Dataset extract:

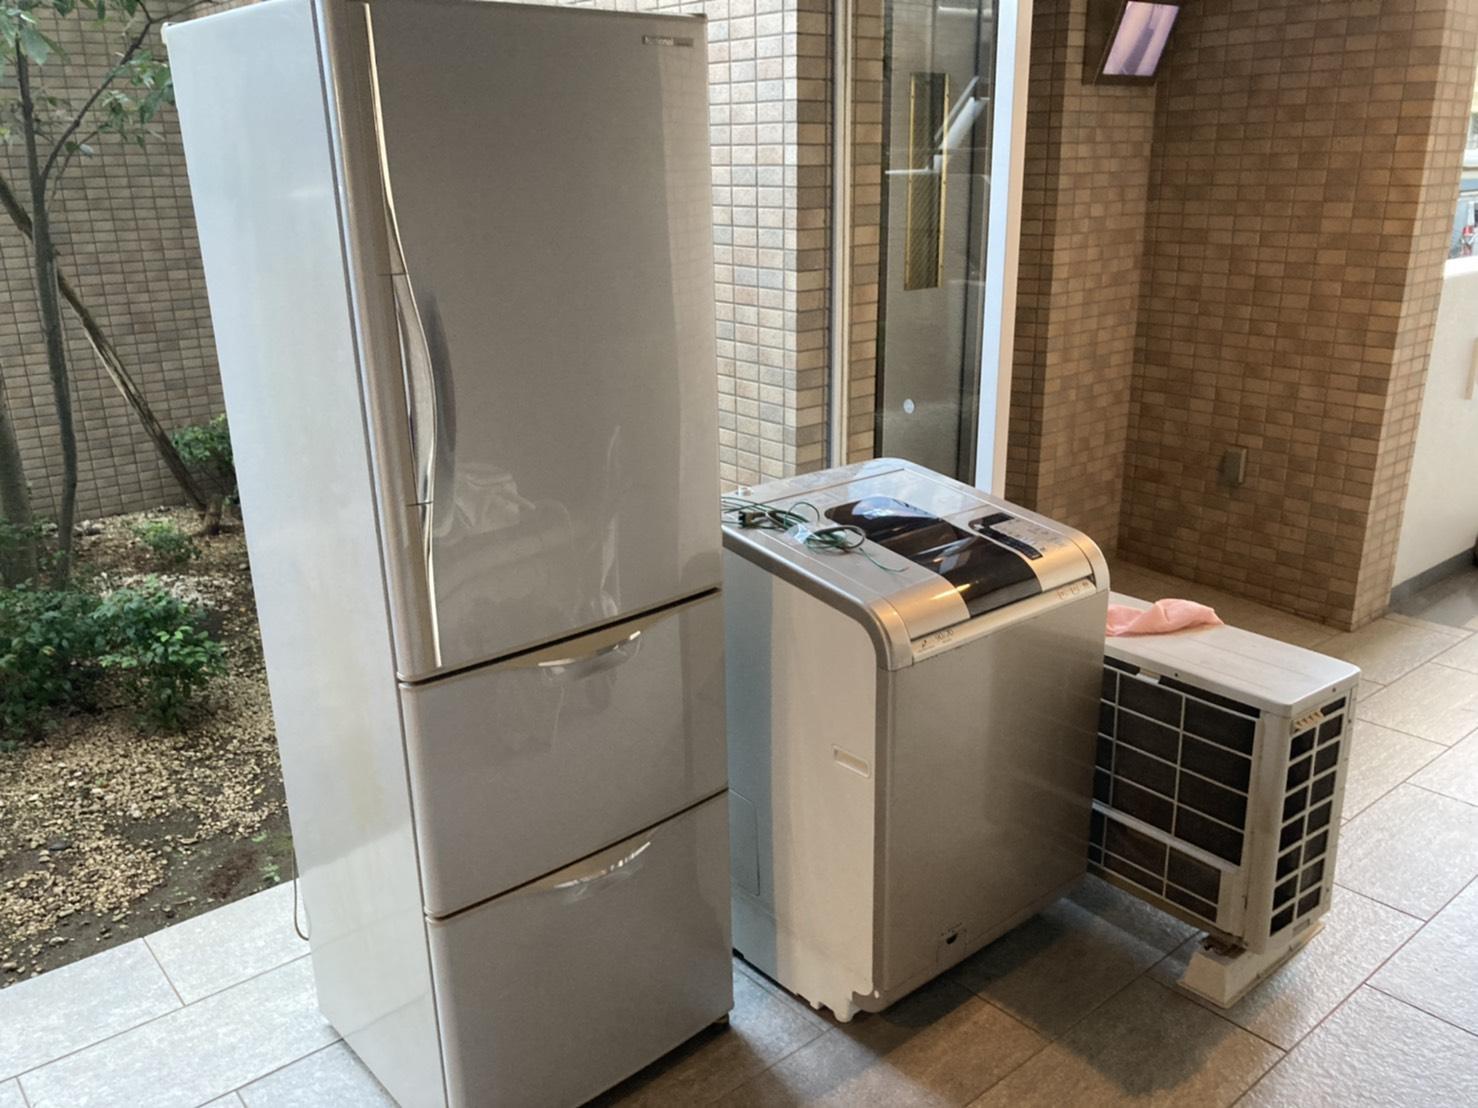 冷蔵庫、洗濯機、室外機の回収前
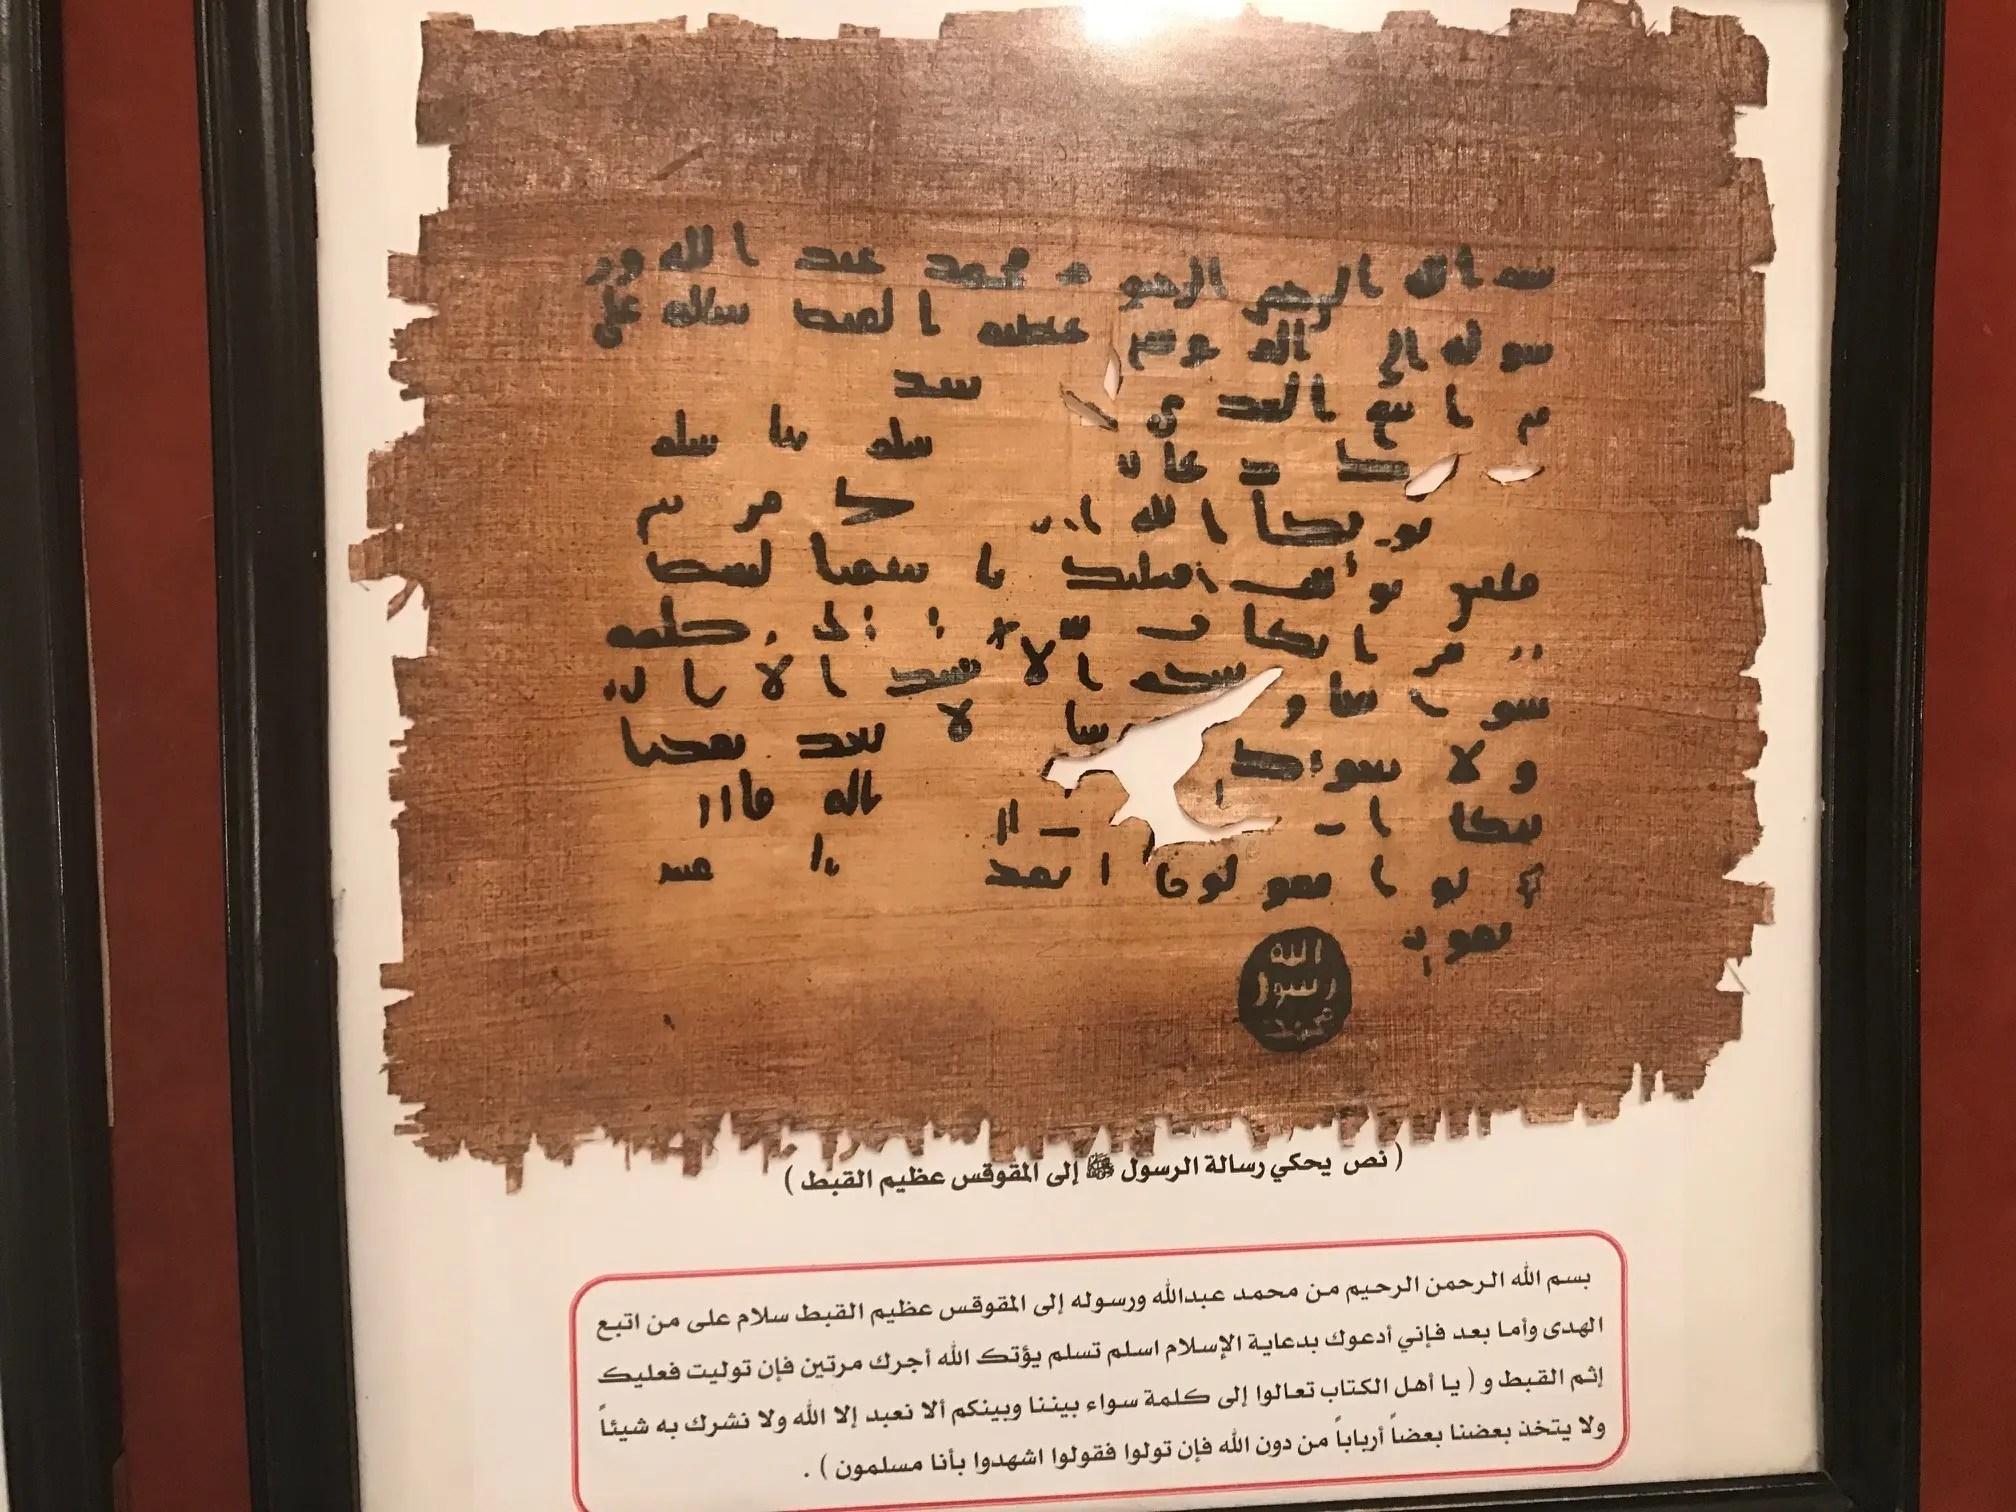 بالصور رسائل النبي محمد إلى ملوك العالم
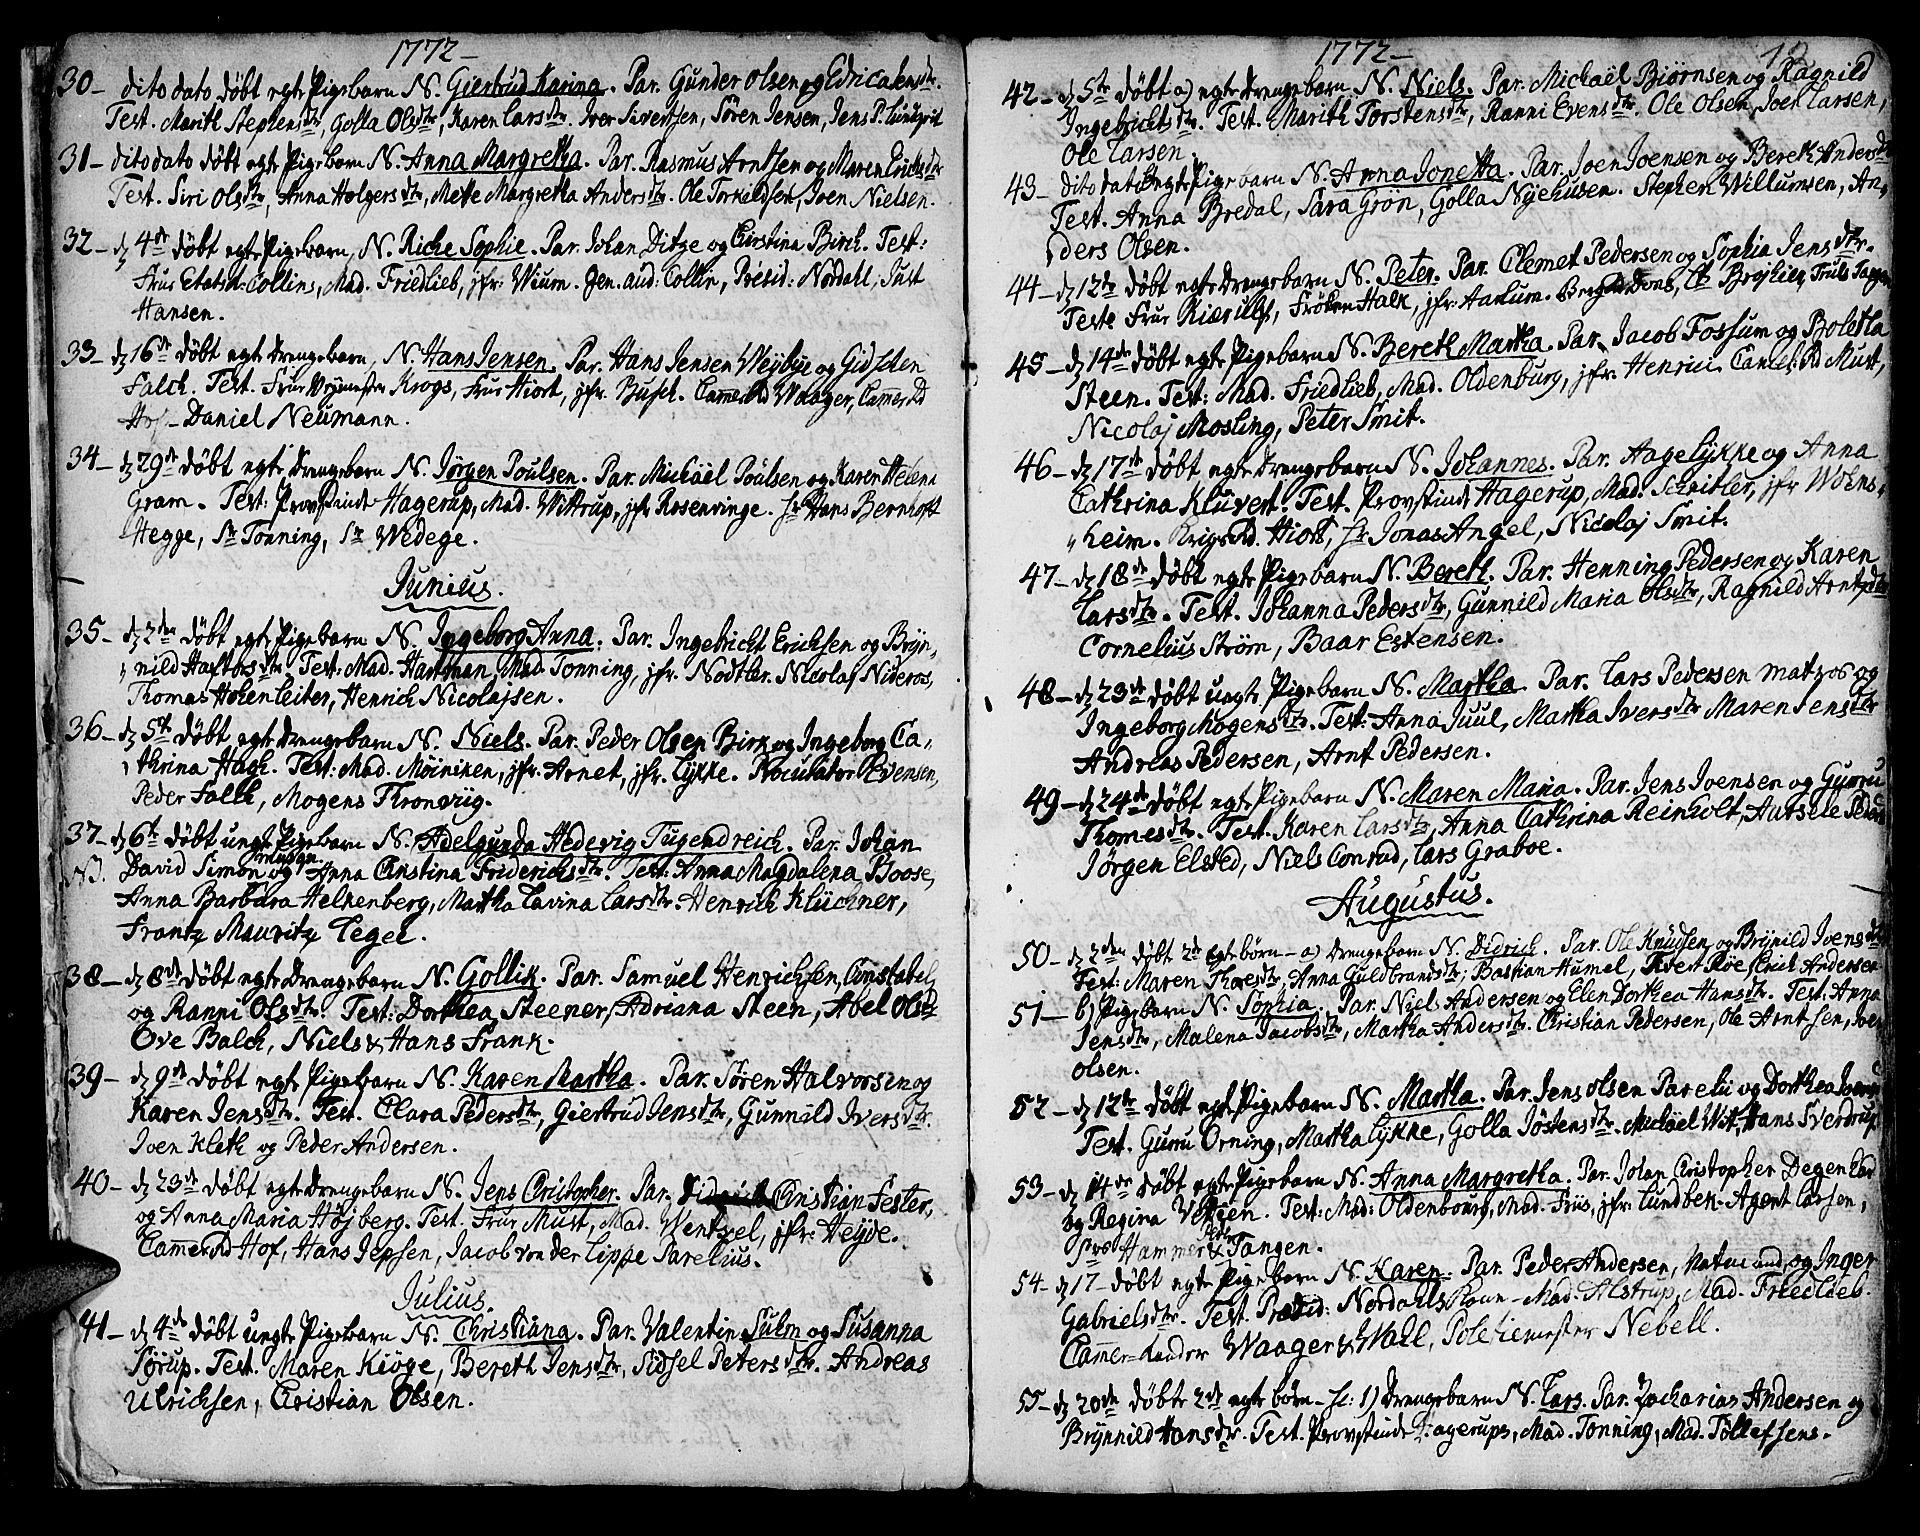 SAT, Ministerialprotokoller, klokkerbøker og fødselsregistre - Sør-Trøndelag, 601/L0039: Ministerialbok nr. 601A07, 1770-1819, s. 12

Problem to work on:
Restate, word for word, all of the material above, leaving out the images.

The completed task:
 冷蔵庫、洗濯機、室外機の回収前
 بالصور رسائل النبي محمد إلى ملوك العالم
 SAT, Ministerialprotokoller, klokkerbøker og fødselsregistre - Sør-Trøndelag, 601/L0039: Ministerialbok nr. 601A07, 1770-1819, s. 12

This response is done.